§ TASK ITEM: Give back every line of the material below exactly, but no images.

§ SOURCE DATA:
□ □ □ □
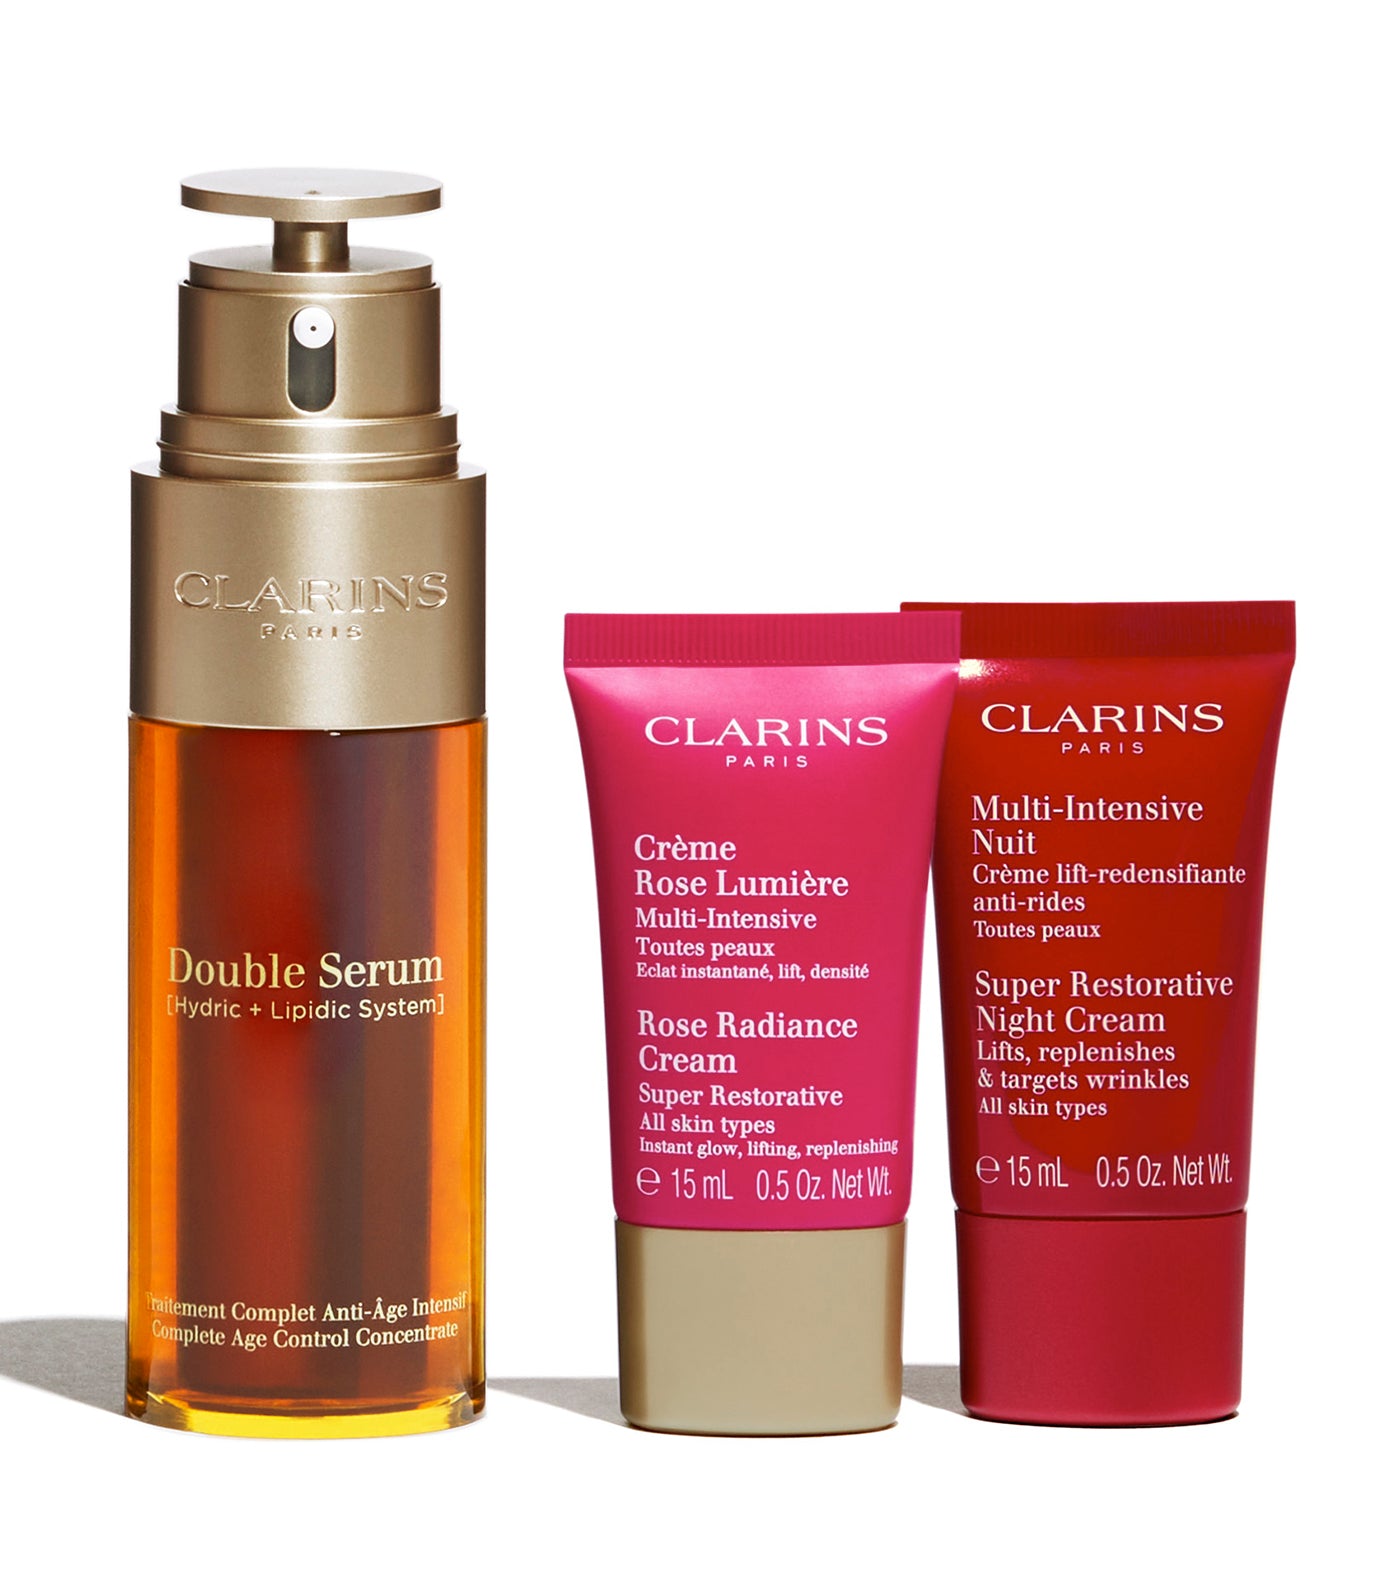 Double Serum and Super Restorative Collection
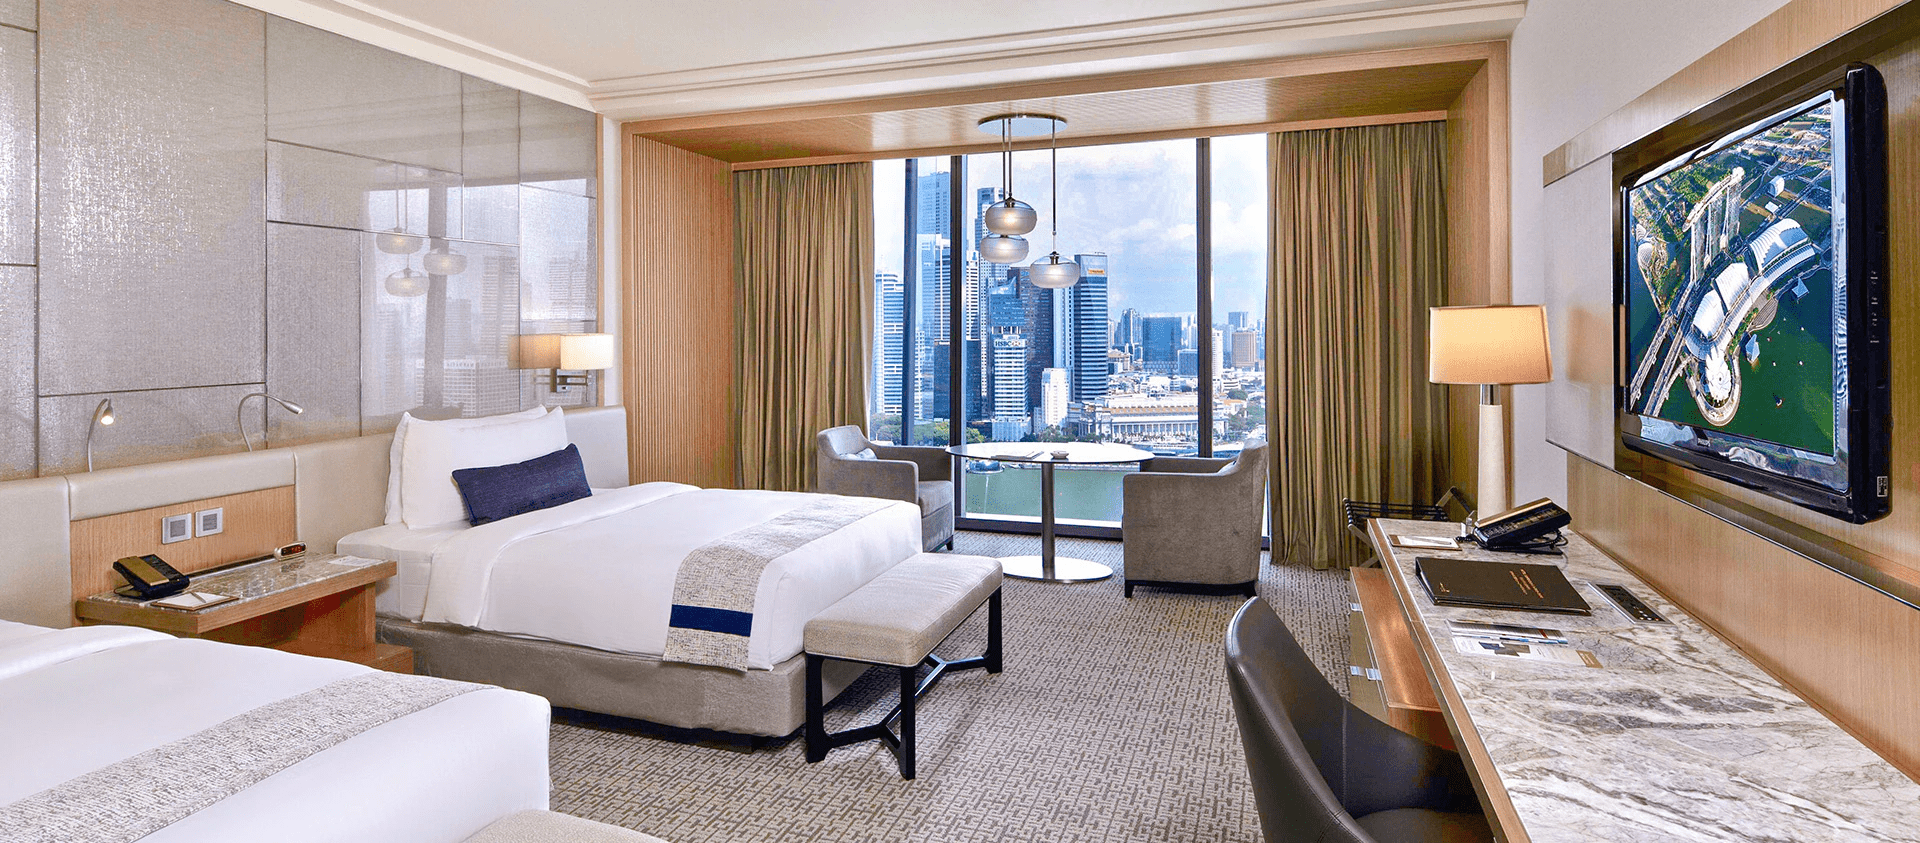 Singapore Hotels With Best F1 Views - parkroyal collection marina bay
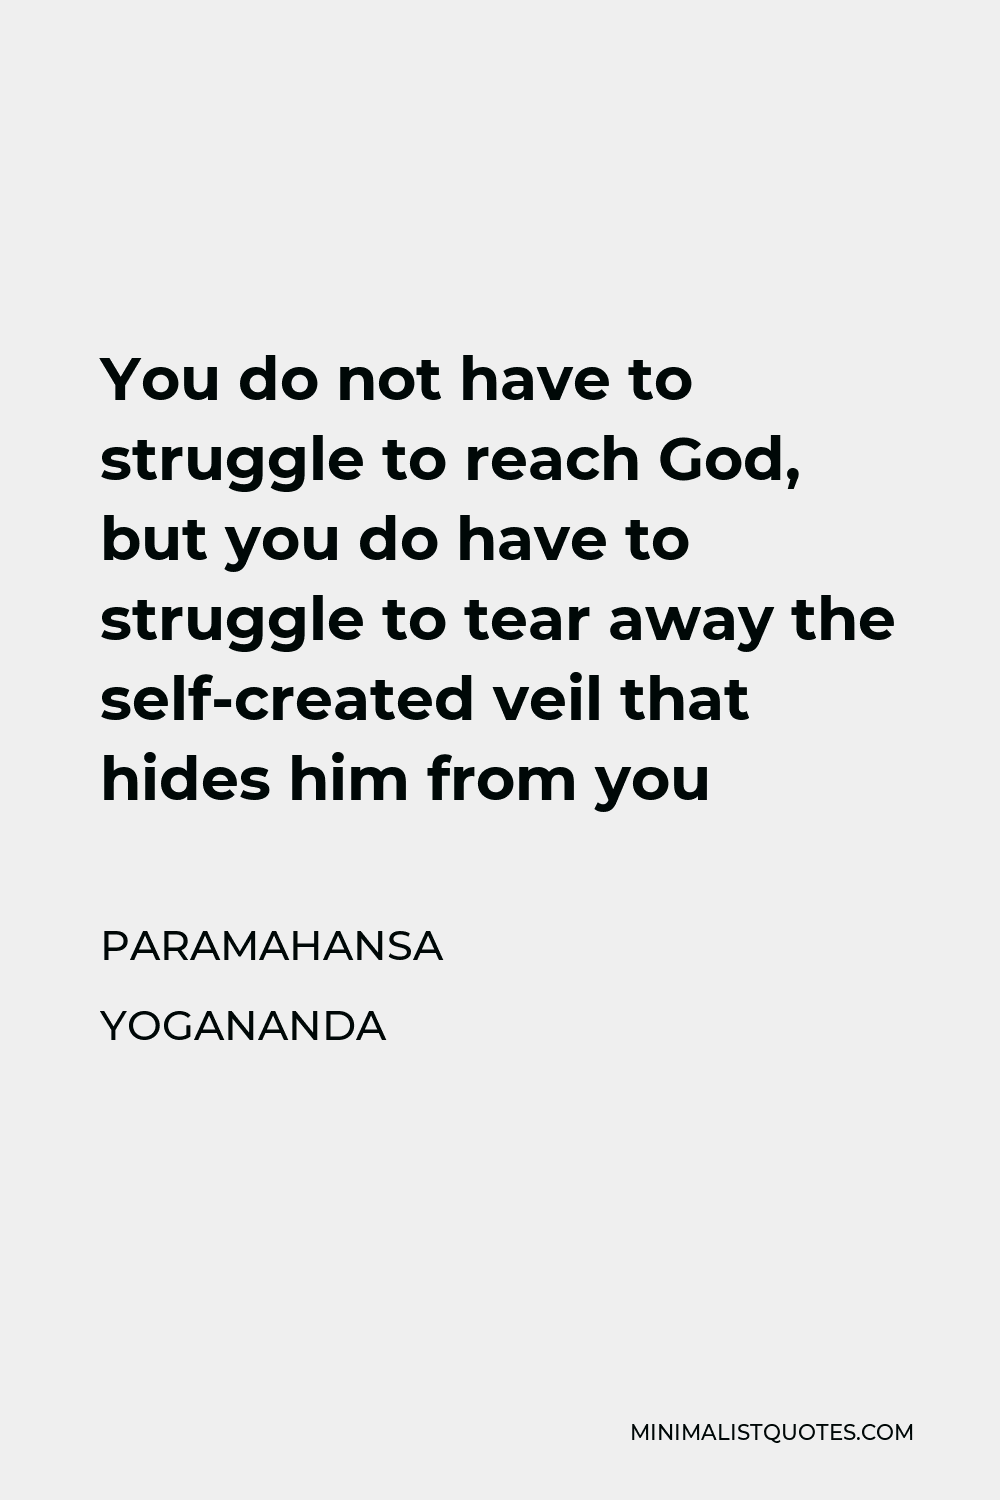 Paramahansa Yogananda Quote - You do not have to struggle to reach God, but you do have to struggle to tear away the self-created veil that hides him from you
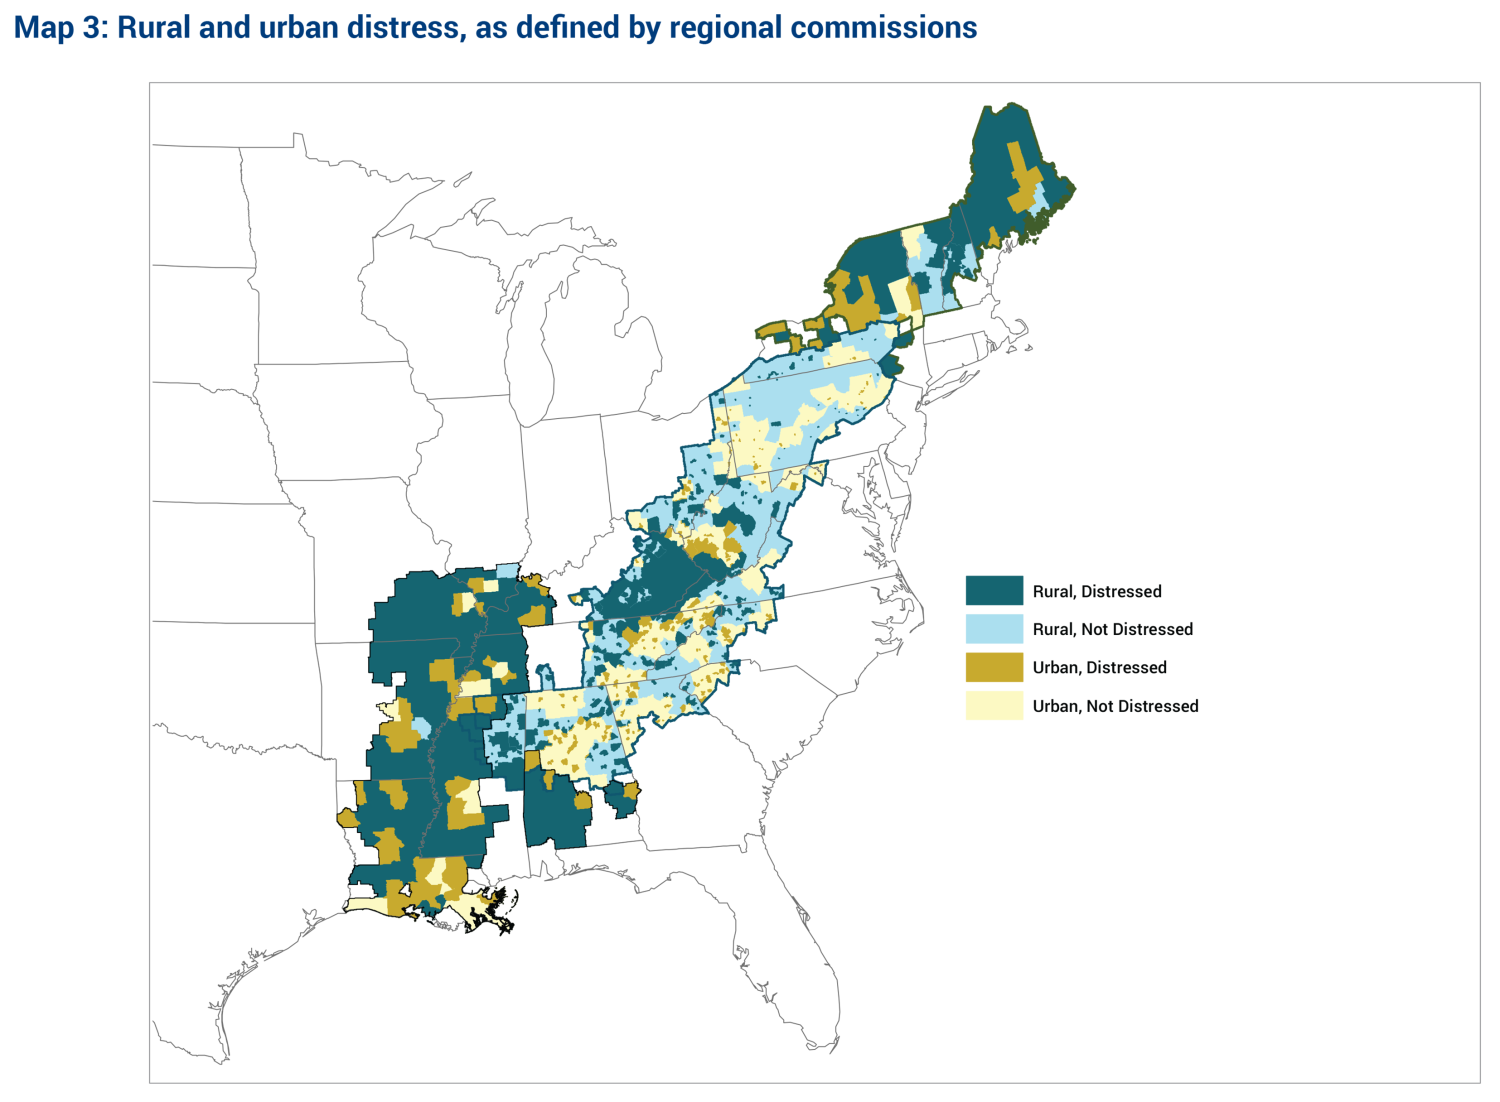 Rural and urban distress, as defined by regional commissions
□ □ □ □
§ RESPONSE:
 Double Serum and Super Restorative Collection
 Singapore Hotels With Best F1 Views - parkroyal collection marina bay
 Paramahansa Yogananda Quote - You do not have to struggle to reach God, but you do have to struggle to tear away the self-created veil that hides him from you
 Rural and urban distress, as defined by regional commissions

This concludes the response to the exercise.